◆ Work item:
The line with "比拉斯汀口腔崩解片/ Bilastine Orally" and each line following it, up to the final line of the data, should be set down exactly; pictures stay out.

◆ Data shown:
____________

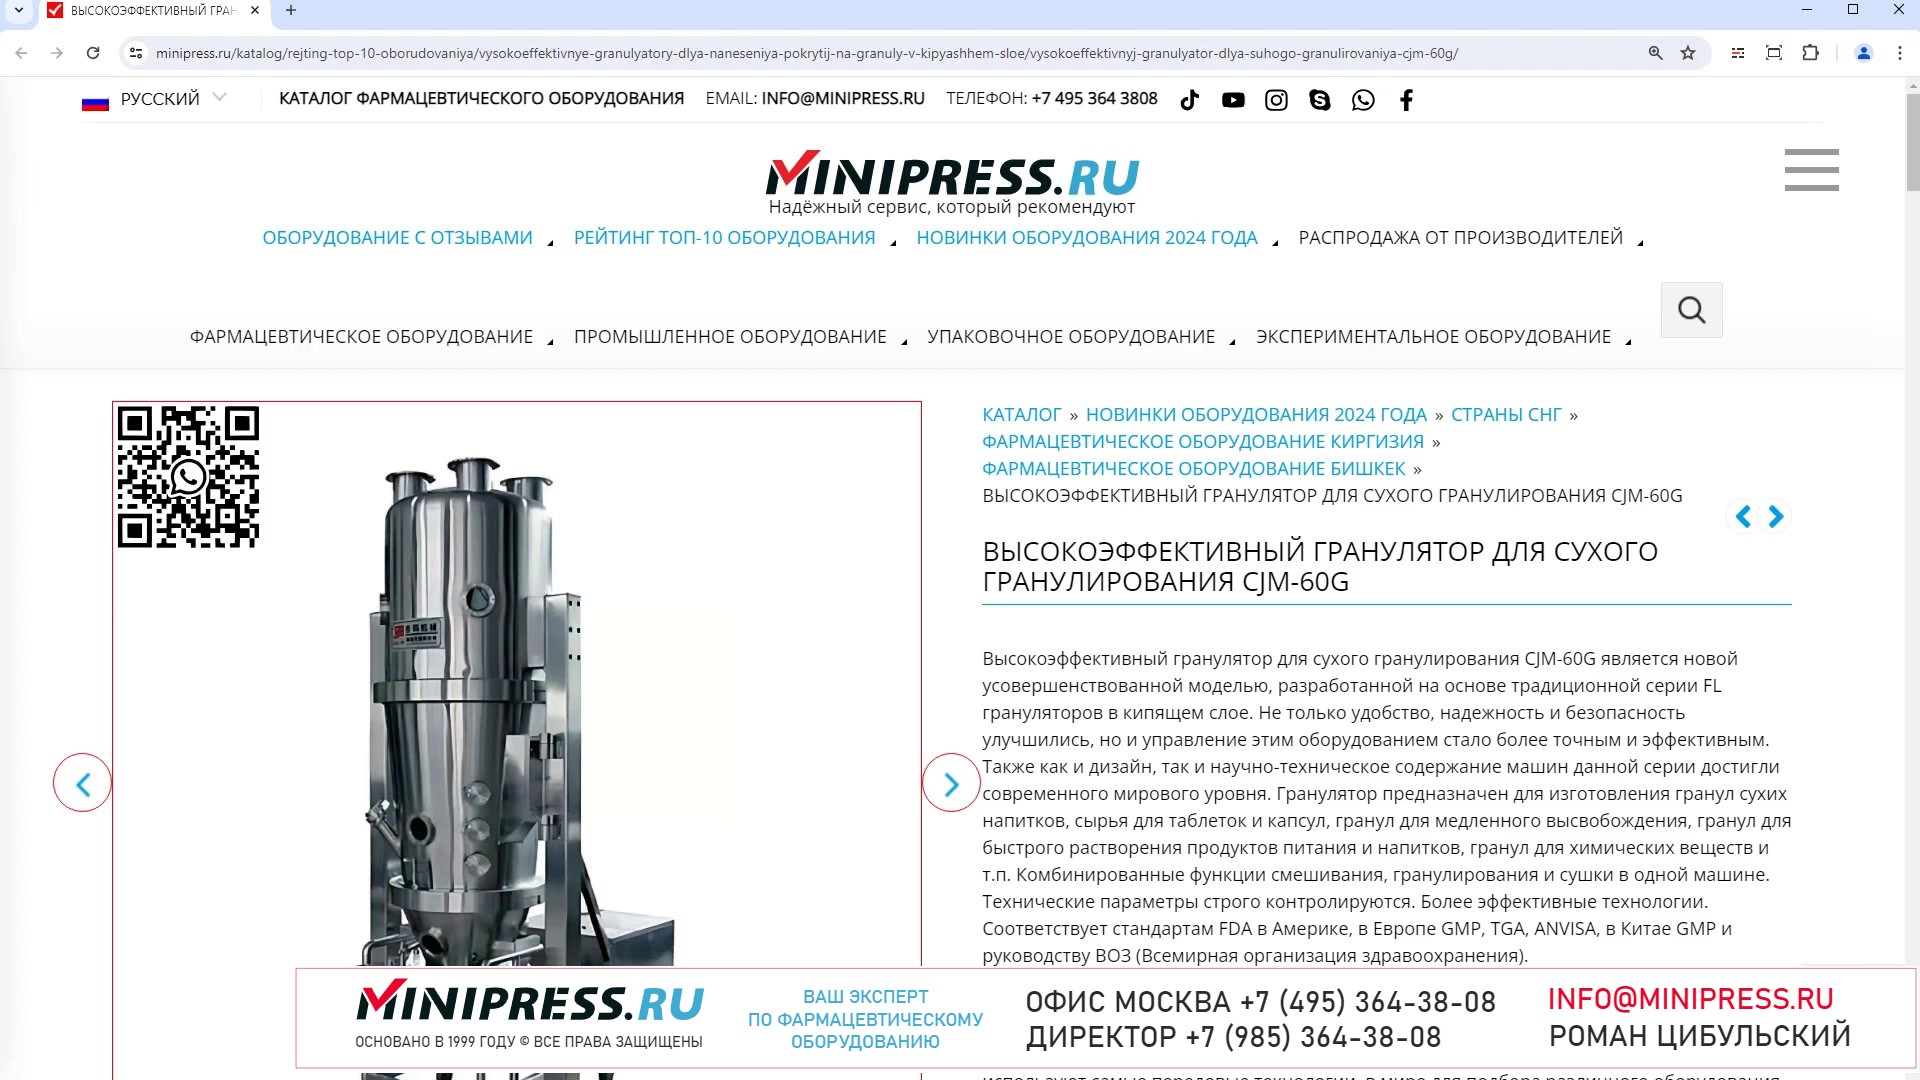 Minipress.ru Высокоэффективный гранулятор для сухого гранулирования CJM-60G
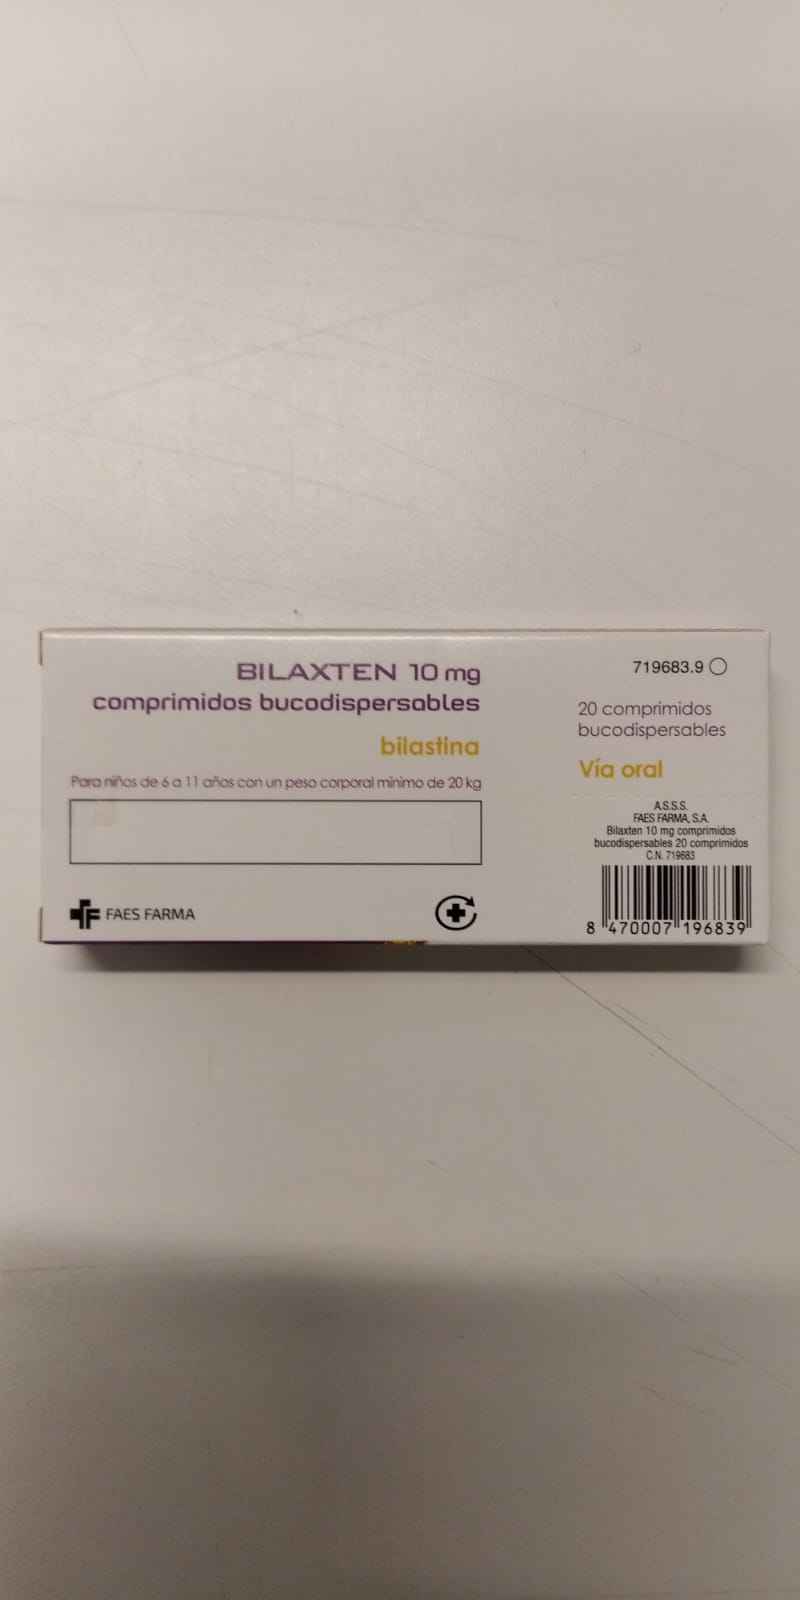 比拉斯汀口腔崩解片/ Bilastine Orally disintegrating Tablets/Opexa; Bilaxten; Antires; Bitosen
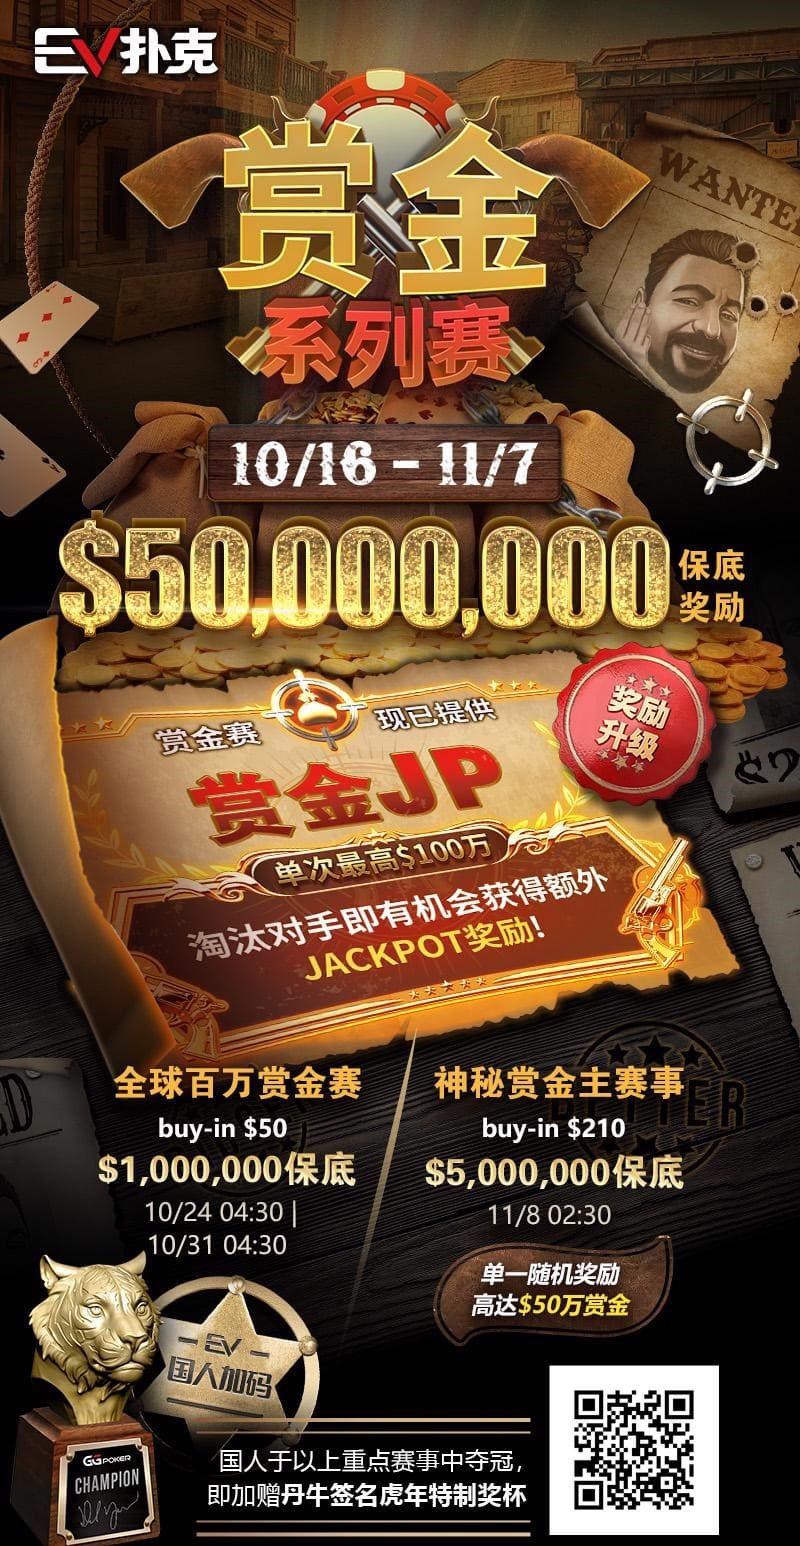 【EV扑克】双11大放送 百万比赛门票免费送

____________

◆ Completed exercise:
 比拉斯汀口腔崩解片/ Bilastine Orally disintegrating Tablets/Opexa; Bilaxten; Antires; Bitosen
 【EV扑克】双11大放送 百万比赛门票免费送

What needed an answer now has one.